Dynamic acoustic simulation for robotic navigation and localization

Project description

Acoustix

Python License

Acoustix is a comprehensive Python library for dynamic acoustic simulation designed specifically for robotics research. It enables realistic simulation of reverberant acoustic environments with multiple sound sources and microphone arrays, making it ideal for developing and testing sound-driven navigation, source localization, and audio-based robotic perception systems.

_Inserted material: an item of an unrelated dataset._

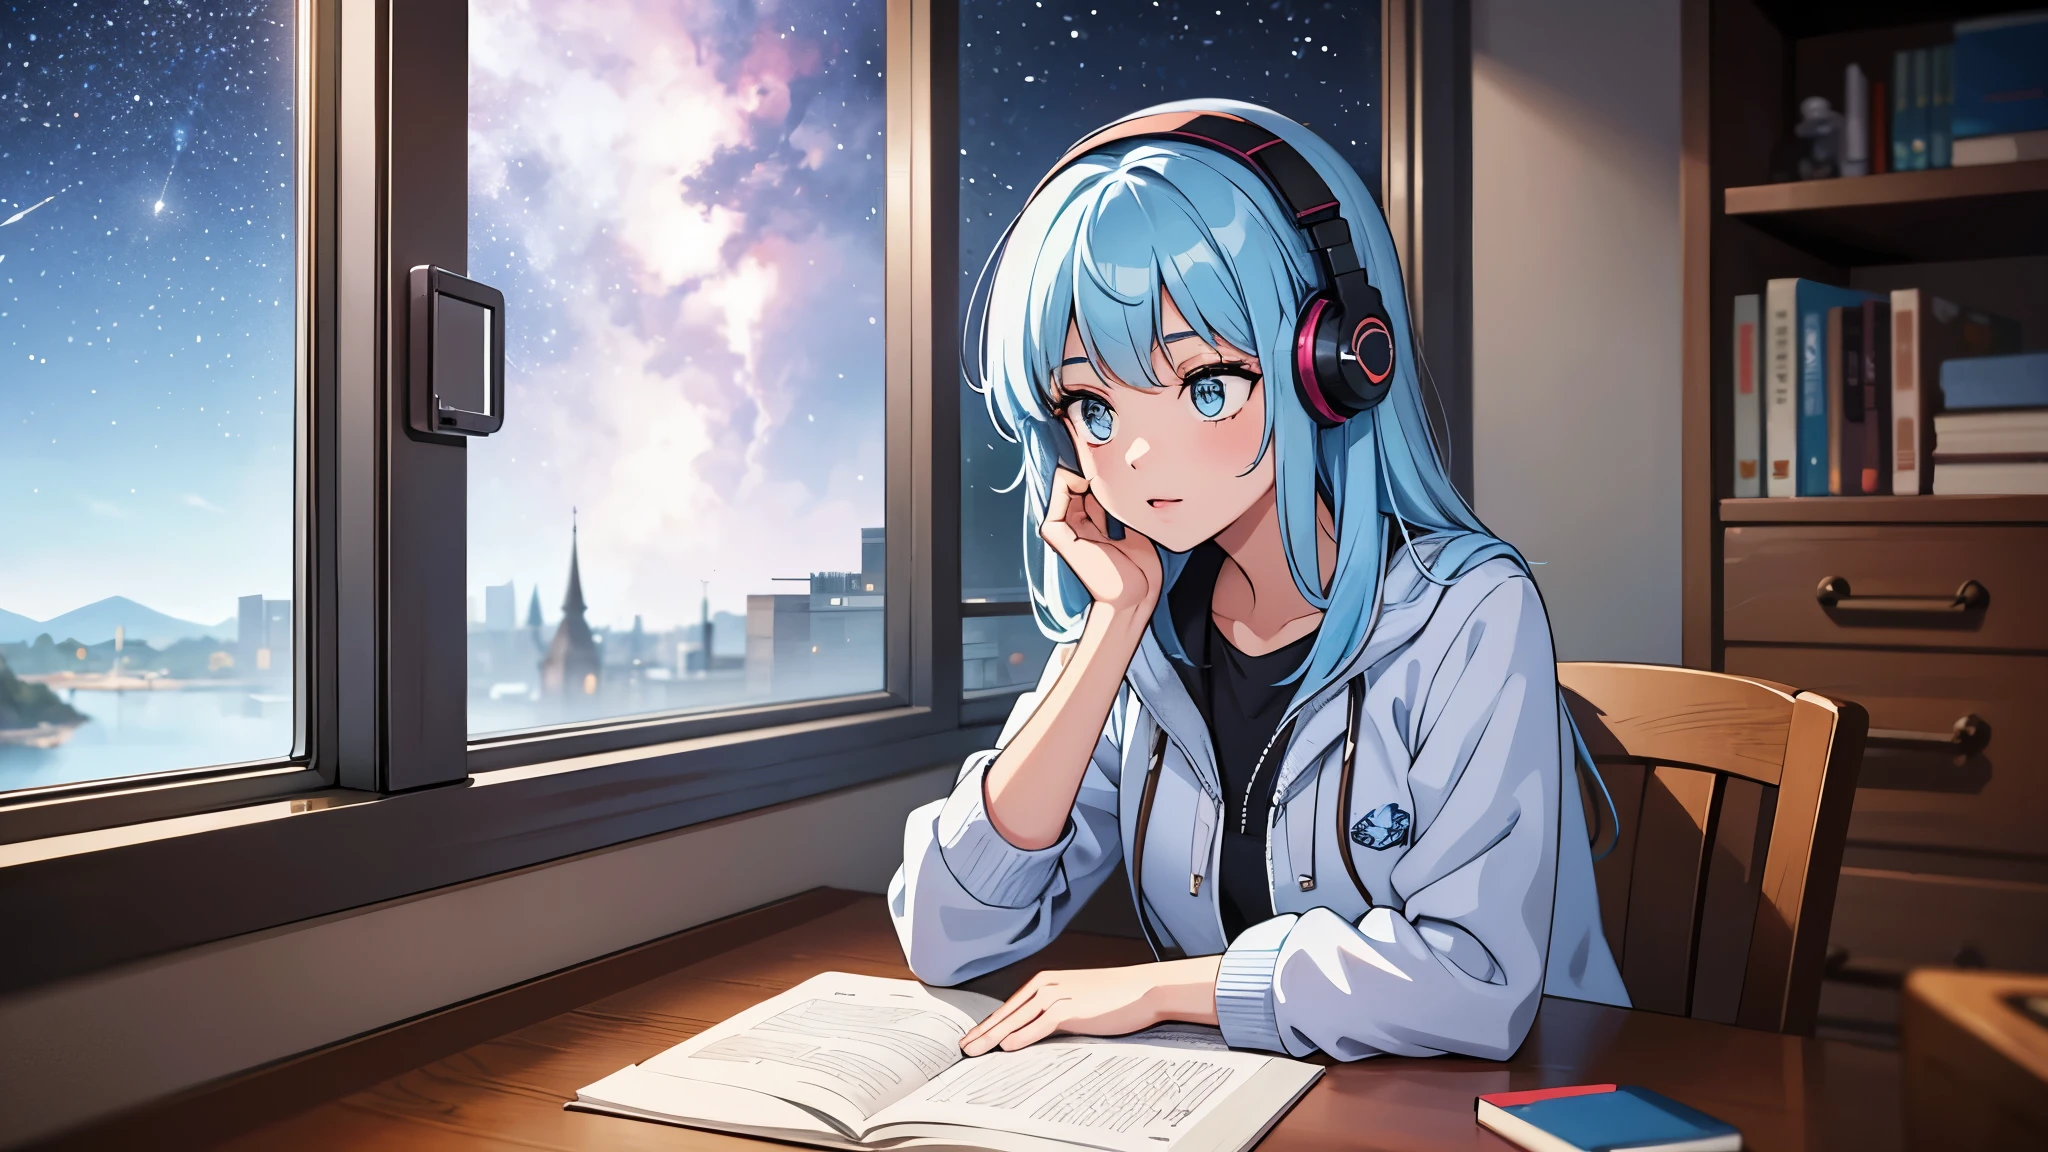 An 18-year-old woman with a heart-shaped face, blemish-free white skin, sky blue hair, and distinct features. She is studying alone in her room, taking notes in a book. The room is calm and has lighting, and the stars twinkle outside the window. You can see her side profile. The night view is shining outside the window. There is a pencil holder for writing utensils in front of her. She wears headphones and listens to music. Her eyes are on the book. The room has a modern interior.

This project was developed as part of my PhD project, realized in the RobotLearn team, at Inria Grenoble, under the supervision of Dr. Xavier Alameda, Pr. Laurent Girin and Dr. Chris Reinke. You can learn more about this library, its motivations, its applications and the relevant scientific and technical decisions in my PhD manuscript:

  • Chapter 2: Introduction of acoustics in reverberant environments, and presentation of the Acoustics library
  • Chapter 3: Deep-learning-based sound source localization
  • Chapter 4: Active sound source localization
  • Chapter 5: Deep reinforcement learning for sound-driven navigation

The code for all my experiments can be found here.

✨ Key Features

  • 🏠 Realistic Room Acoustics: Simulate reverberant environments with customizable room dimensions and acoustic properties (RT60, absorption coefficients)
  • 🎤 Multiple Microphone Arrays: Support for various array geometries including binaural, linear, square, and triangular configurations
  • 🔊 Diverse Sound Sources: Speech sources (LibriSpeech integration), white noise, and custom audio sources with spatial positioning
  • 🚀 High-Performance Backends: Leverages both gpuRIR and Pyroomacoustics for fast Room Impulse Response (RIR) generation
  • 🧠 Spatial Audio Processing: Built-in STFT computation, DOA (Direction of Arrival) estimation, and ILD/IPD analysis
  • 🗺️ Egocentric Audio Maps: Generate spatial representations of the acoustic environment from the agent's perspective
  • 🎮 Dynamic Simulation: Real-time agent movement and source repositioning during simulation
  • 📊 Rich Visualization: Integrated plotting capabilities for room geometry, source positions, and audio signals

🚀 Quick Start

Installation

pip install acoustix

For speech sources, download the LibriSpeech dataset (optional):

# Install dependencies
sudo apt install tar curl parallel ffmpeg

# Download LibriSpeech train-clean-100 subset
./acoustix/datasets/download_librispeech.sh

Basic Usage

WARNING! The origin of the coordinate system is always in the top-left!

import numpy as np
from acoustix import GpuRirRoom, AudioSimulator
from acoustix.microphone_arrays import BinauralArray

# Create a reverberant room
room = GpuRirRoom(
    size_x=8.0, # Room dimensions in meters
    size_y=6.0,
    height=3.0,
    rt_60=0.5,              # Reverberation time in seconds
    sampling_freq=16_000,   # Sampling frequency
)

# Set up a binaural microphone array (robot's "ears")
array = BinauralArray(
    mic_dist=10,                        # Distance between microphones in cm
    position=np.array([3.5, 2.0, 1.2]), # Agent position (x, y, z)
    orientation=np.array([0, 1, 0]),    # Agent orientation
    mic_pattern="card",                 # Microphone pattern
)

# Initialize the simulator with multiple speech sources
simulator = AudioSimulator(
    room=room,
    mic_array=array,
    n_speech_sources=2,                             # Number of speech sources
    max_audio_samples=4 * room.sampling_frequency,  # 4 seconds of audio
)

# Run simulation
simulator.step()

# Get the multi-channel audio signal
audio = simulator.get_agent_audio()  # Shape: (n_mics, n_samples)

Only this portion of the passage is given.